The ecosystem has matured: DGX Spark, high-end Mac Studios, AMD Strix Halo, upcoming DGX Station. Models are getting smaller and more efficient. Inference engines (llama.cpp, vLLM, SGLang) and frontends (Ollama, LMStudio, Jan) have made local deployment accessible. Yet I keep meeting more people researching this than actually deploying it.
For those running local inference: - What's your setup and use case? - Is it personal or shared across a team? - What's the real driver — privacy, regulation, latency, cost, tinkering?
I'm skeptical on cost arguments (cloud inference scales better, plus API subsidies, for now at least!), but curious if I'm missing something.
What would make local AI actually worth it for you?
I do local AI with Qwen, Whisper and another I can't remember right now.
These are all QWEN:
We do AI Invoice OCR - PDF -> Image -> Excel. Works much better than other solutions because it has invoice context so it looks for particular data to extract and ignores others. Why local? I proved it worked, no need to send our data outside for processing and it works,
We deal with photos of food packaging - I do a "photograph ingredients list and check them against our expected ingredients" - downside is it takes 2 mins per photo, I might actually push this one outside.

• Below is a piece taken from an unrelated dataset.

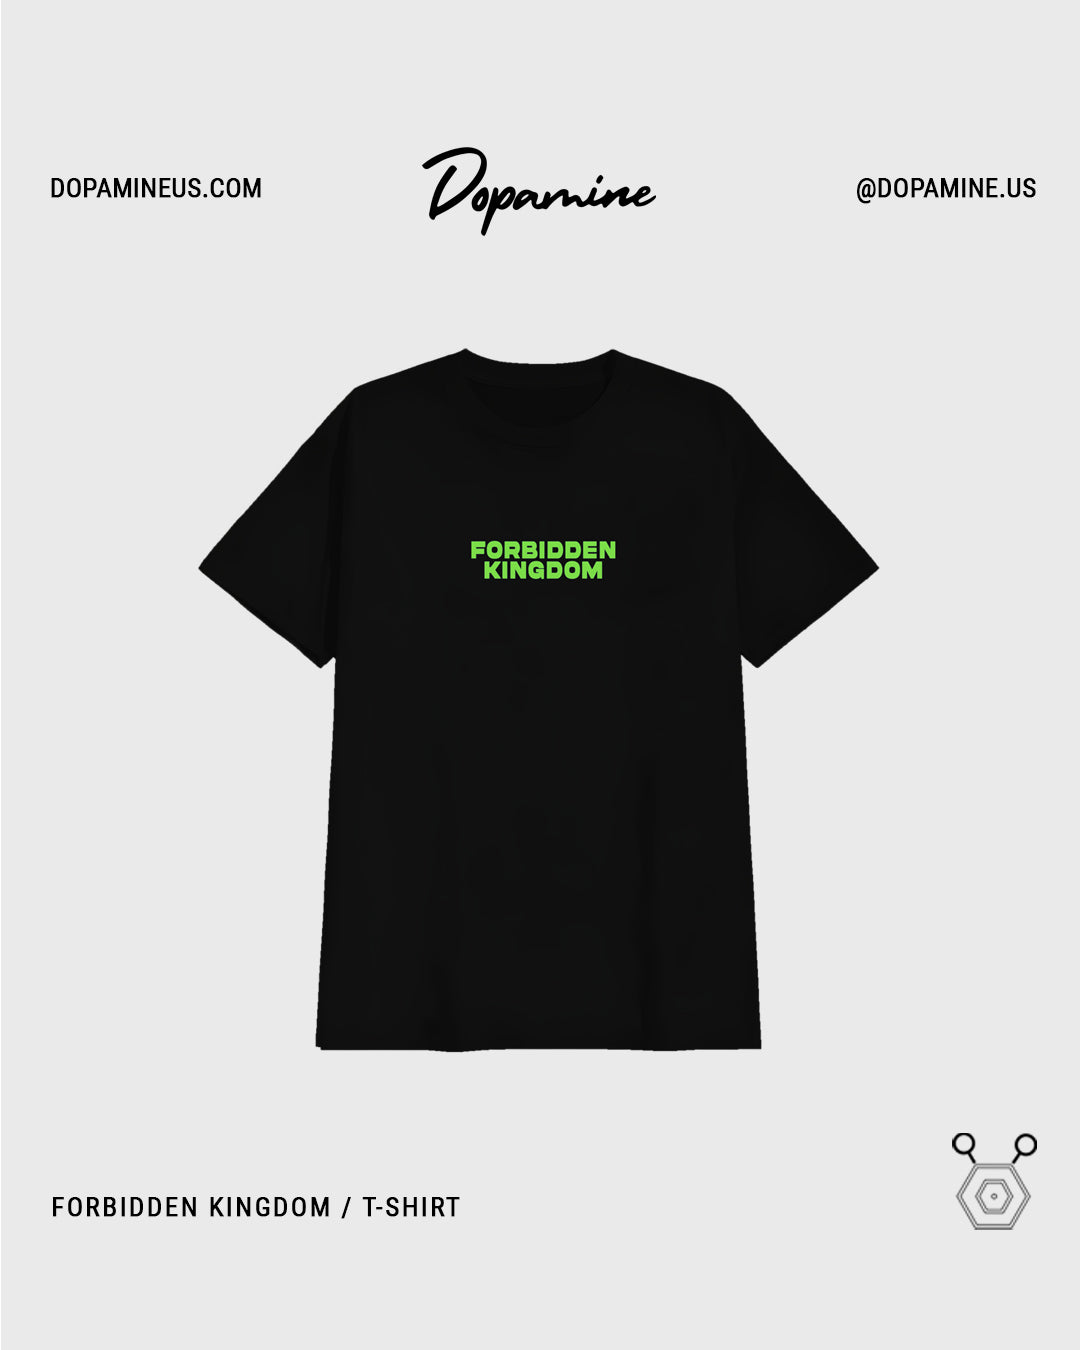 Dopamine Head - T-Shirt

Ingredients classifier - is it animal (if so what species), vegetarian, vegan, halal, kosher, alcoholic, is nut based, peanuts and more - simply no need to send it outside.
I've got a Linux chatbot helper on the "test this" pile with Qwen Coder - not evaluated it but the idea will be "type command, get it wrong, ask Qwen for the answer" - I use Claude for this but it seems a bit heavy weight and I'm curious.
tbh some of it is solution hunting - we spent $1000 on the kit to evaluate if it was worth it so I try and get some value out of it.
But it is slow, 3 hours for a recent task that took Claude API 2 minutes.
My favourite use is Whisper. I voice->text almost all of my typing now.
I've also bought a Nvidia Orin Nano but I haven't set it up yet - I want to run Whisper in the car to take voice dictation as I drive.
I work with ML professionally, almost all in cloud, I just wanted something “off grid” and unmetered, and needed a computer anyway so decided to pay a bit more and get the one I want. It’s “personal” in that it’s exclusively for me, but I have a business and bought it for that.
Still figuring out the best software, so far it looks like llama.cpp with Vulcan though I have a lot of experimenting to do and don’t currently find it optimal for what I want.
Whats your stack?
And none of that hardware can run larger models, smaller tiny ones, or highly quantized versions of larger ones sure. Or do you have something important to say?